The IPI score is frequently applied to predict the prognosis of patients with DLBCL. Here, we used the IPI score to divide patients into IPI ≤ 3 or IPI > 3 groups; as presented in Figure 5, patients with IPI ≤ 3 had longer PFS and OS than those with IPI > 3, the 2-year PFS rates were 60.5% (IPI > 3 patients) and 42.3% (IPI ≤ 3 patients), respectively (p = 0.021); the 2-year OS rates were 71.5% (IPI > 3 patients) and 49.2% (IPI ≤ 3 patients), respectively (p = 0.001).

FIGURE 5

FIGURE 5. Kaplan-Meier survival curve of PFS and OS for elderly patients with DLBCL stratified by IPI score. The 2-year PFS rates were 60.5% (IPI score ≤ 3) and 42.3% (IPI score > 3), respectively, p = 0.021; the 2-year OS rates were 71.5% (IPI score ≤ 3) and 49.2% (IPI score > 3), respectively, p = 0.001.

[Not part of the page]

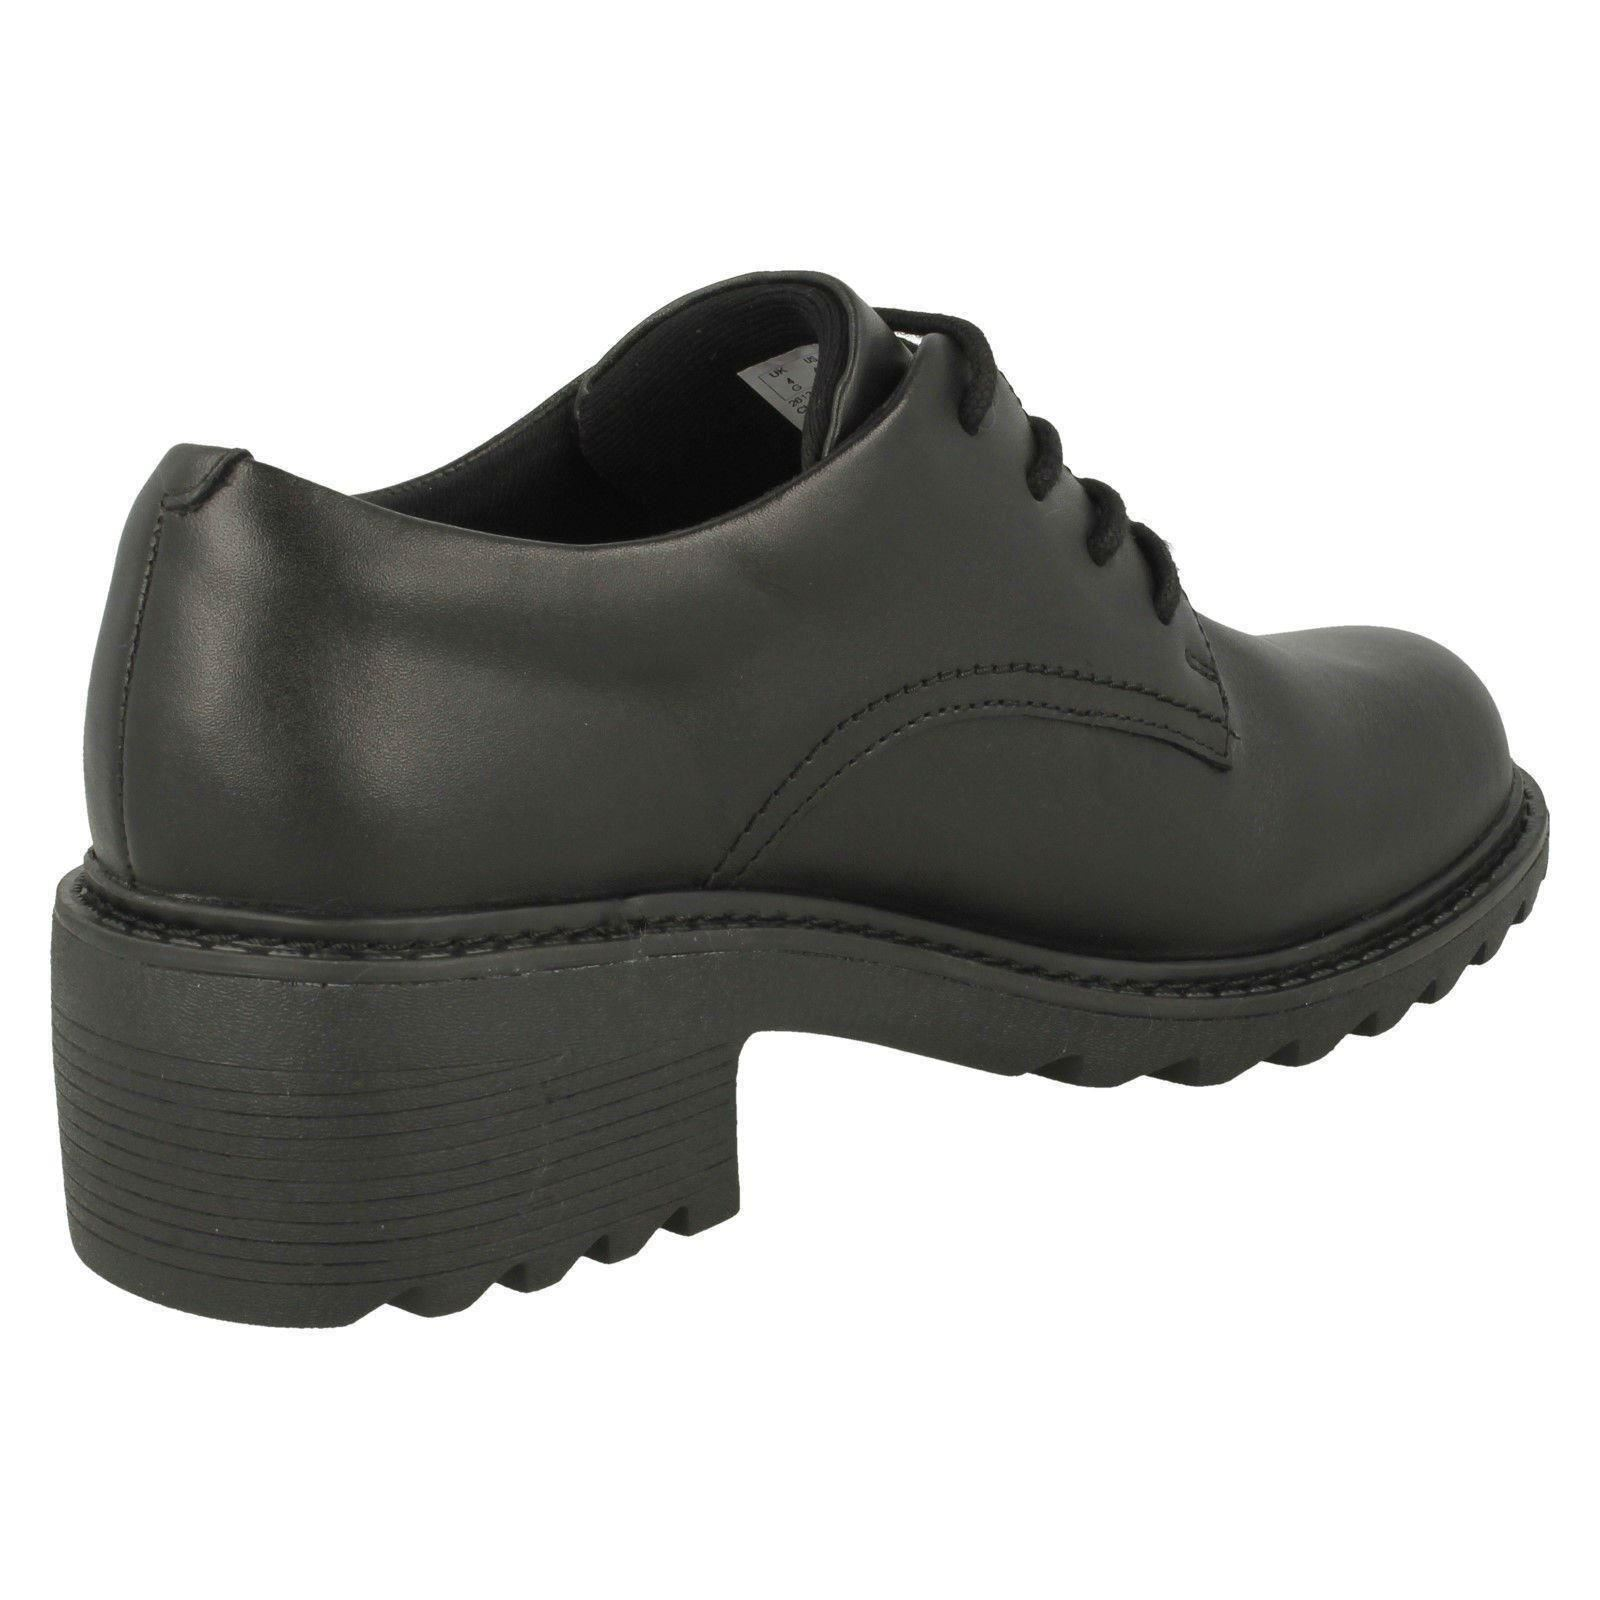 Girls Clarks Chunky Heeled School Shoes /'Frankie Grove/'

In addition, we performed univariate and multivariate analyses in this study. From the univariate analysis results (Supplementary Table S1), an ECOG score ≥ 2 (p = 0.015), Ann Arbor stage III/IV (p = 0.012), IPI score > 3 (p = 0.005), and treatment without rituximab (p = 0.002) were significantly associated with inferior PFS. And extranodal disease involvement more than 1 site (p = 0.039), ECOG score ≥ 2 (p = 0.002), IPI score > 3 (p = 0.001) and treatment without rituximab (p = 0.000) were associated with inferior OS. Regarding the impact of GCB (germinal center B-cell like) and non-GCB subtypes on survival, we found no statistical significance for PFS and OS in this cohort. In multivariate analyses, Ann Arbor stage III/IV was significantly related to worse PFS, HR 1.640 (95% CI: 1.031–2.610, p = 0.037); chemotherapy dose reduction was associated with poorer OS, HR 1.825 (95% CI: 1.056–3.154, p = 0.031); and use of rituximab was related to OS benefit, HR 0.455 (95% CI: 0.264–0.785, p = 0.005) (Table 4, 5).

TABLE 4

TABLE 4. Multivariate analysis of PFS in patients with DLBCL (n=239).

TABLE 5

TABLE 5. Multivariate analysis of OS in patients with DLBCL (n=239).

Toxicity

A total of 187 patients were available for the analysis of treatment-related toxicity. The most common adverse effects in this study were hematological toxicities, which accounted for 90.4%, including anemia (78.1%), leukopenia (79.7%), neutropenia (68.4%), and thrombocytopenia (31.6%) (Table 6). Additionally, nausea, vomiting, and hypoalbumin were observed in most patients. Leukopenia was the most common ≥ grade 3 event; neutropenia and febrile neutropenia occurred also in 51.9% of the patients (Table 6).

TABLE 6

TABLE 6. Summary of treatment-related adverse events (n=187).

Discussion

To our knowledge, this is the largest case series to date reporting the clinical features and survival outcomes in patients with DLBCL aged ≥70 years in China. In this study, the 2-year PFS rate was 53.0% and 2-year OS rate was 65.5% for this population. The most common adverse effects were hematological toxicities, accounting for 90.4%, and leukopenia was the most frequently observed ≥ grade 3 event. Compared to a previous study reported in China, our data presented a significantly improved 5-year OS rate, which may attributed to the widespread use of rituximab, adoption of supportive therapy after chemotherapy, such as application of granulocyte colony-stimulating factor (G-CSF), and patient education, all together contributed to improve the survival of patients with DLBCL.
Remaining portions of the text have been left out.